> _Work to complete_
Beginning with the line below that contains "HOLD ON FOR" and ending with the line that contains "Sony reportedly discontinuing", retype every line exactly. Pictures are not copied.

> _Data under study_

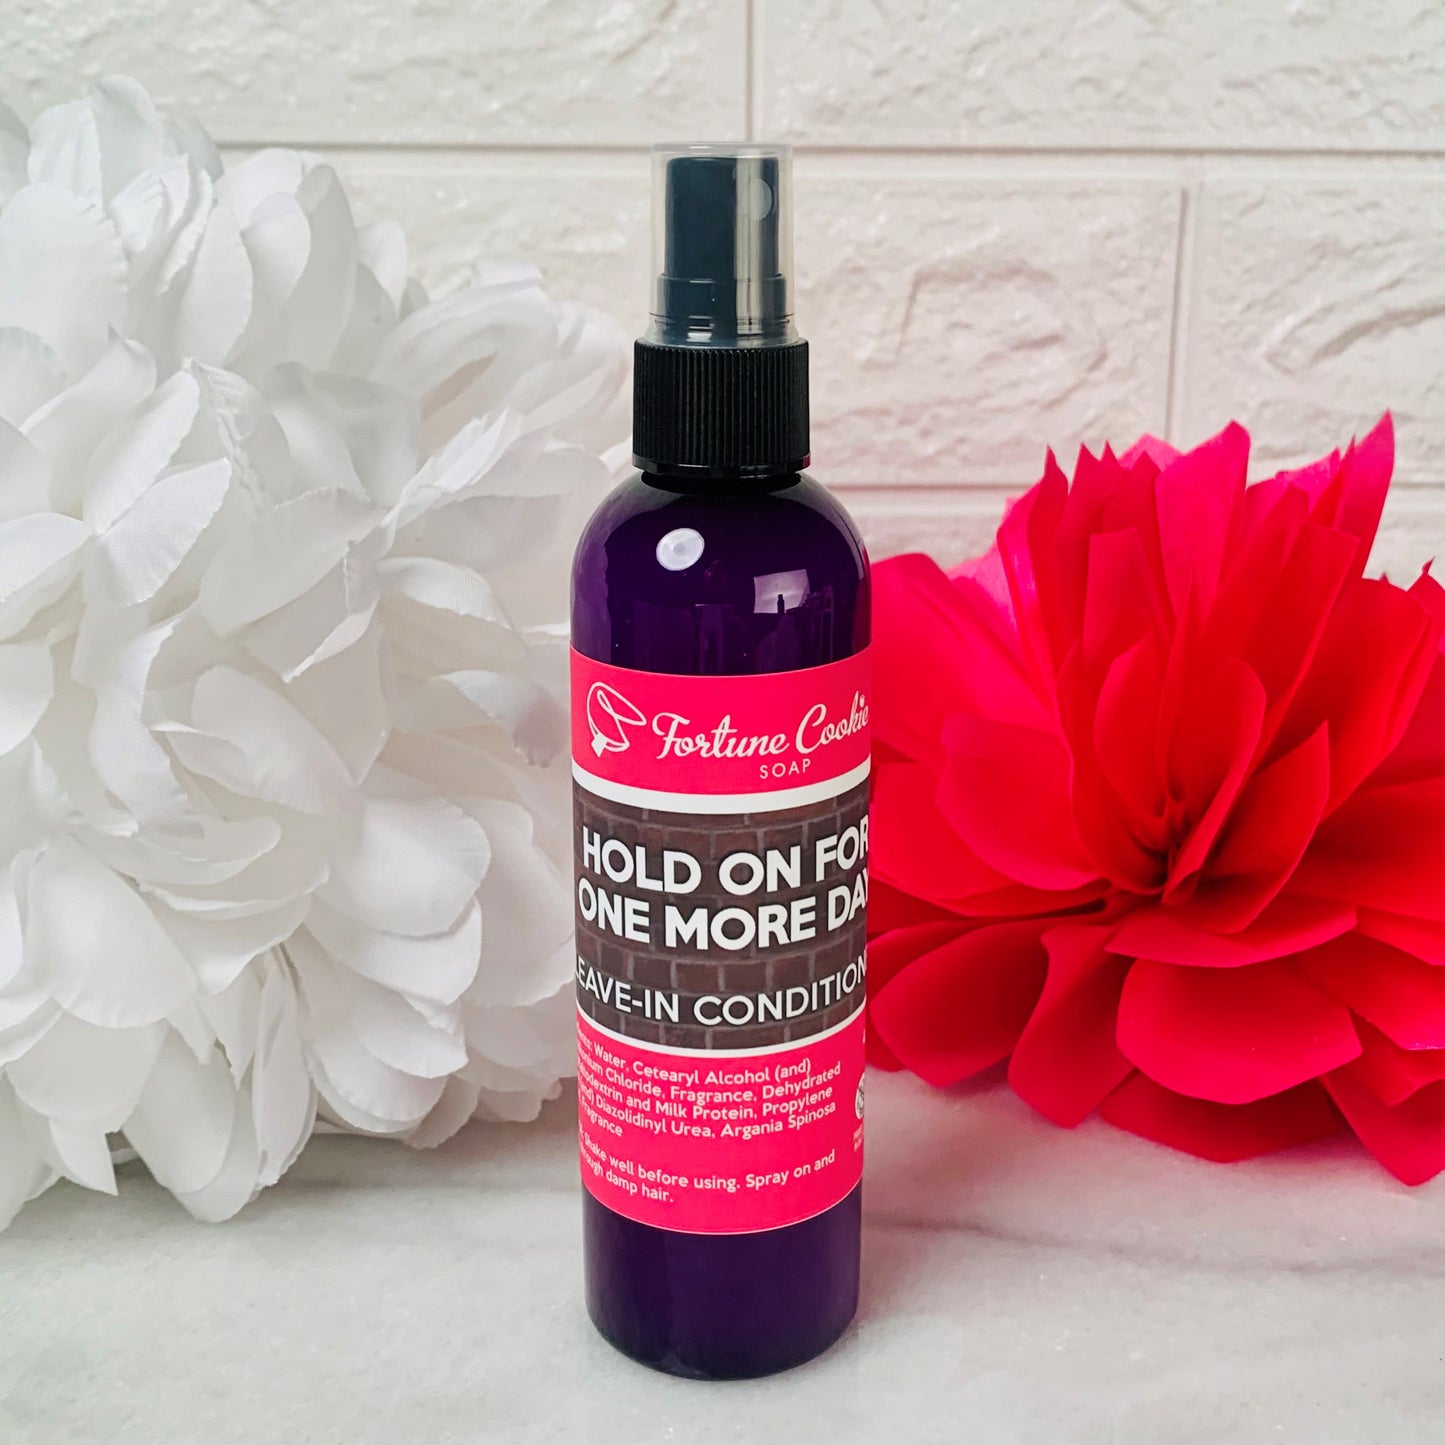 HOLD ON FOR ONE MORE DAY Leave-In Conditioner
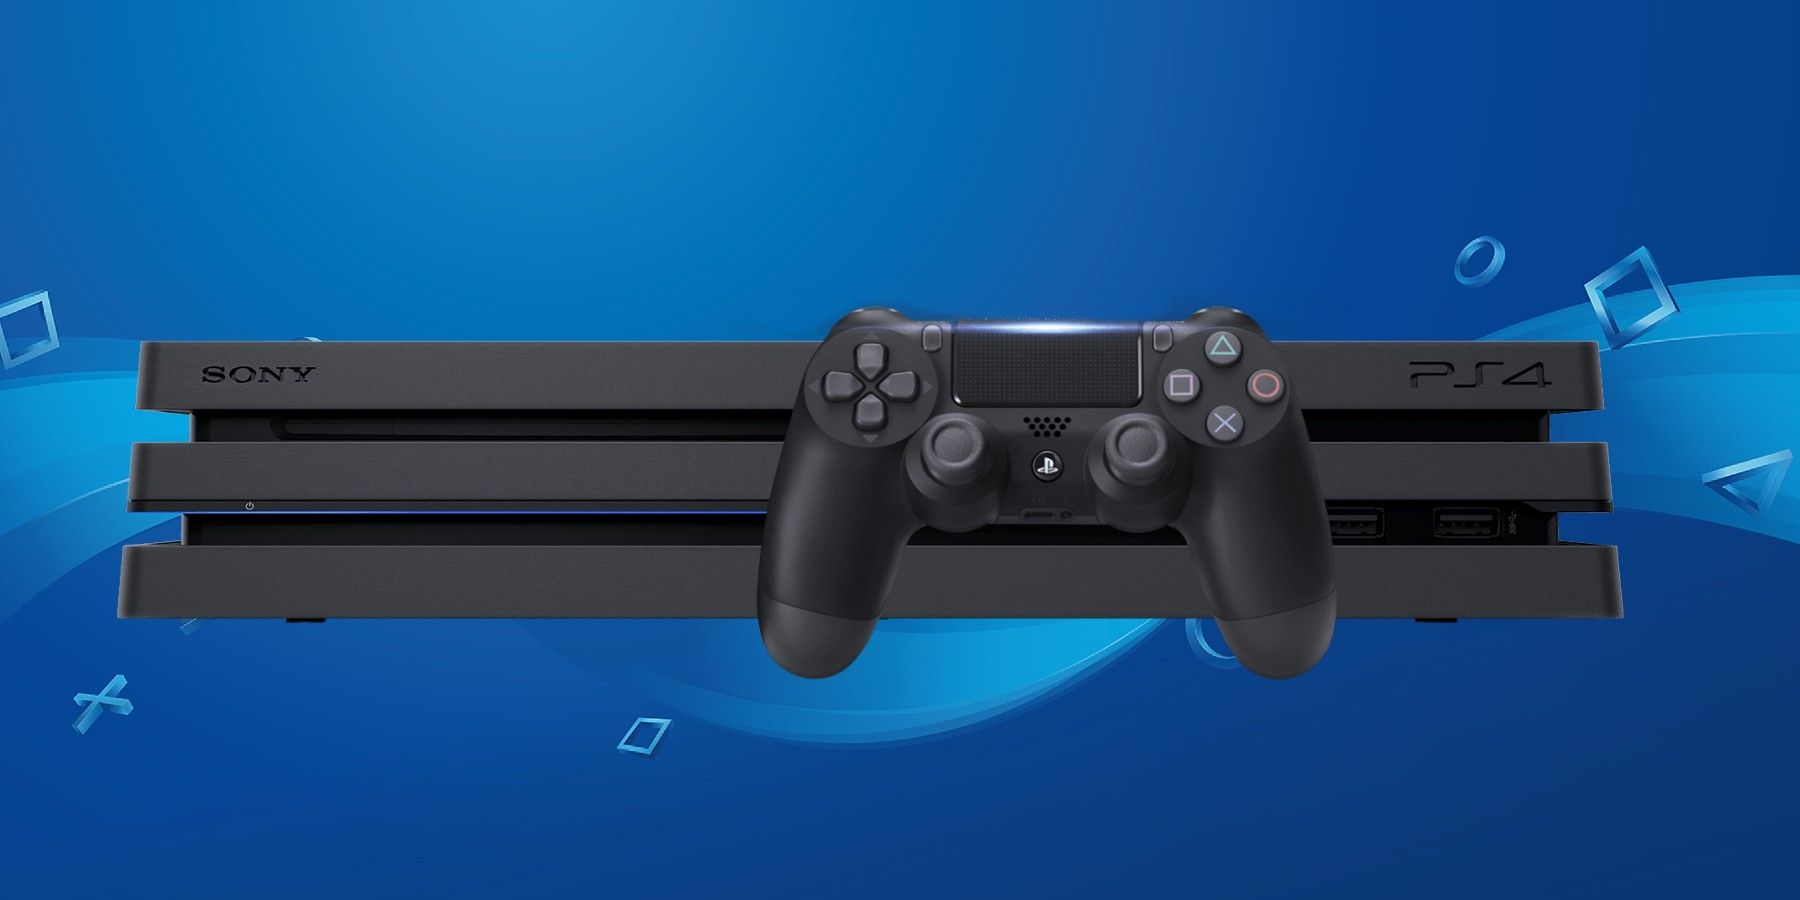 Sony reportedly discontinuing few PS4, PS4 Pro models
--
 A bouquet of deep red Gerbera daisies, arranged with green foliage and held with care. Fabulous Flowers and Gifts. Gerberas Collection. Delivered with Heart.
...
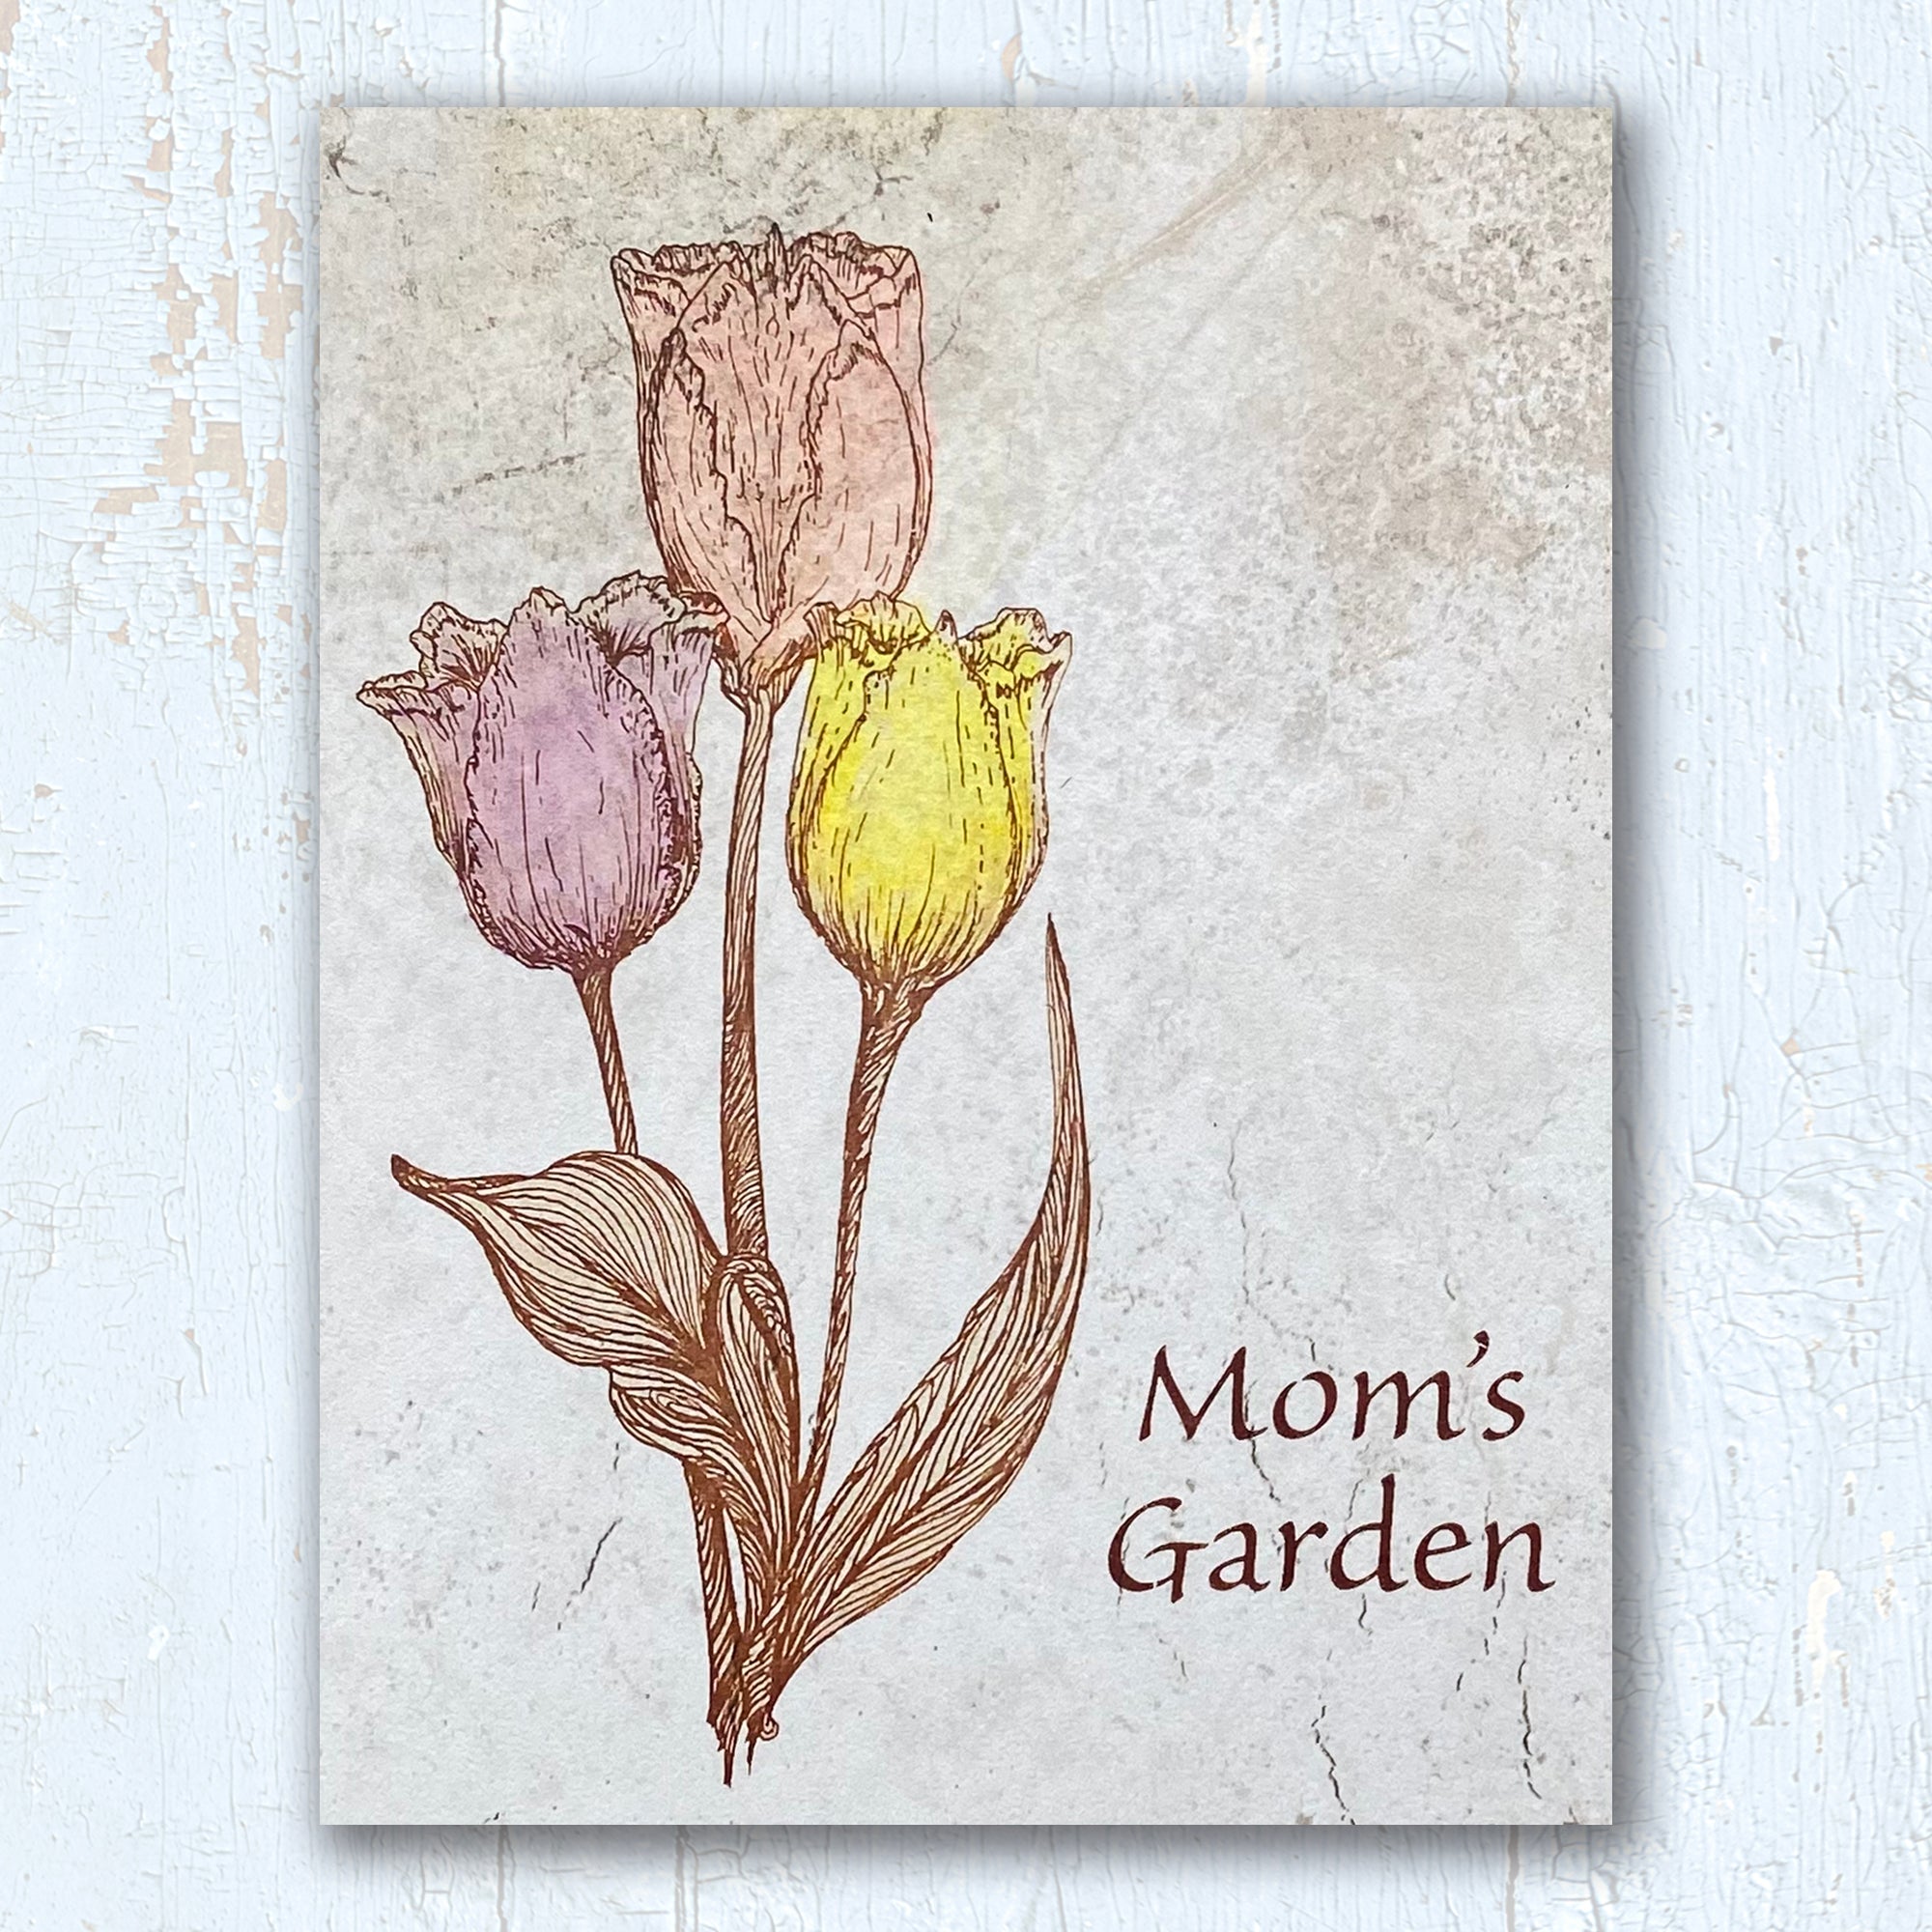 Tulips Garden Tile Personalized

> _Result of this task_
 HOLD ON FOR ONE MORE DAY Leave-In Conditioner
 Sony reportedly discontinuing few PS4, PS4 Pro models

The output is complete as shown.